Par : Hugo Boivin, ostéopathe D.O.

Le Bromont Ultra 55 km (BU55) est une épreuve particulièrement exigeante, même si dans le cas de cette distance, les adeptes de très longues distances parlent de « court ultra ». Une course de cette distance peut mettre à rude épreuve l'ensemble des systèmes du corps, y compris le système musculo-squelettique, nerveux, digestif et circulatoire.

Après avoir accompli l'éprouvant BU55, j'ai ressenti des douleurs sur la face latérale du genou gauche, un endroit sensible qui subit une forte sollicitation, surtout lors des descentes. Voici comment on pourrait envisager de soulager ces symptômes et favoriser une récupération optimale.

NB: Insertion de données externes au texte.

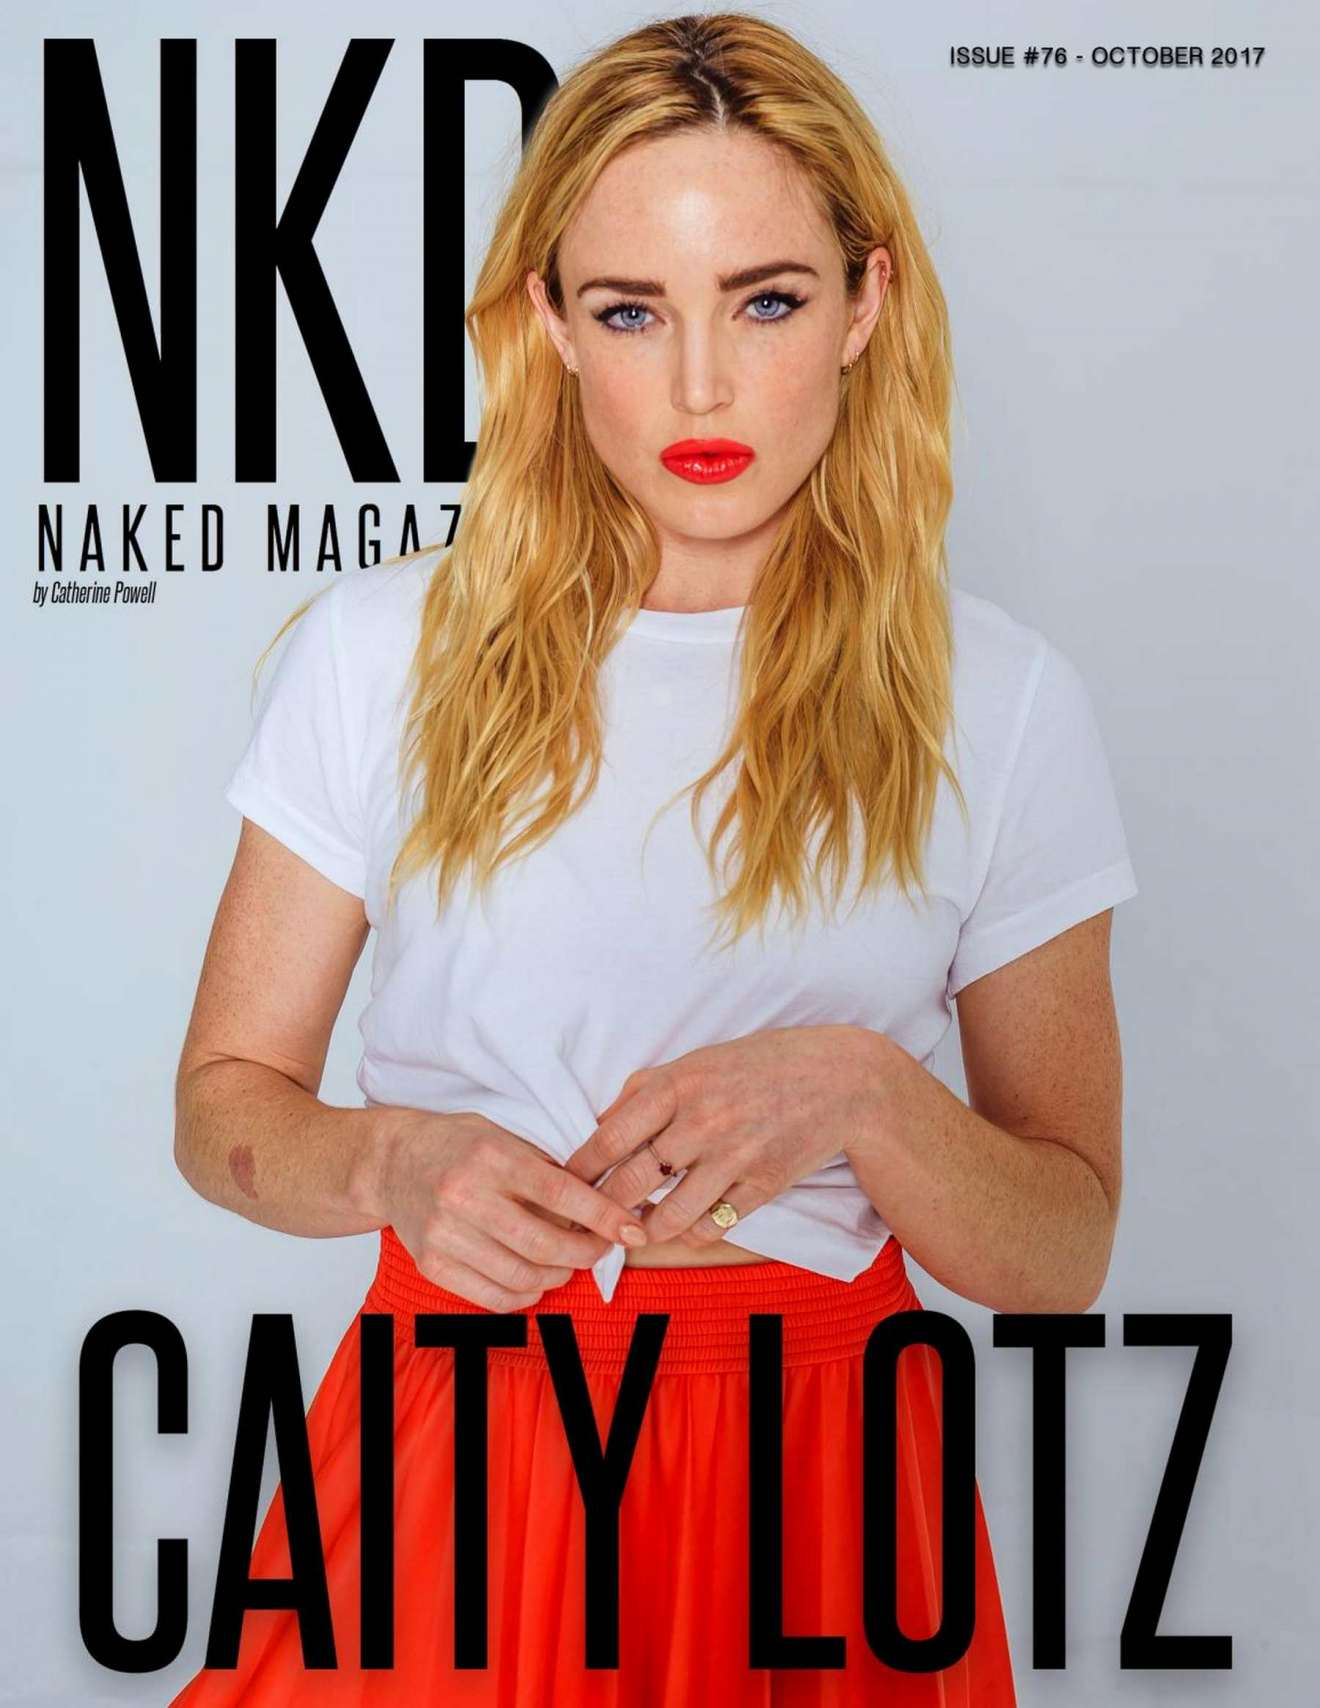 Caity Lotz – NKD Magazine Issue 76 by Catherine Powell

Identifier la Cause des Douleurs

Les douleurs au genou, en particulier au niveau de l'articulation tibio-fibulaire supérieure, qu’on appelle tendinite du fascia-lata - également connue sous le nom de "syndrome de l'essuie-glace" - résulteraient souvent d'une surutilisation ds muscles et tendons de cette articulation. En trail running, les descentes exerceraient une pression intense sur les articulations en raison des impacts répétés, accentuée par le fait que lors de la pose du pied en descente, "on chute d'une plus grande hauteur". Cette sollicitation intense ajouterait une contrainte importante sur le tendon du tenseur du fascia-lata, ainsi que les fibres musculaires des quadriceps travaillant de manière excentrique. Ces contractions musculaires sont essentielles pour atténuer les forces, en réduisant la vitesse de descente du centre de gravité et en atténuant l'impact lors du contact du pied avec le sol.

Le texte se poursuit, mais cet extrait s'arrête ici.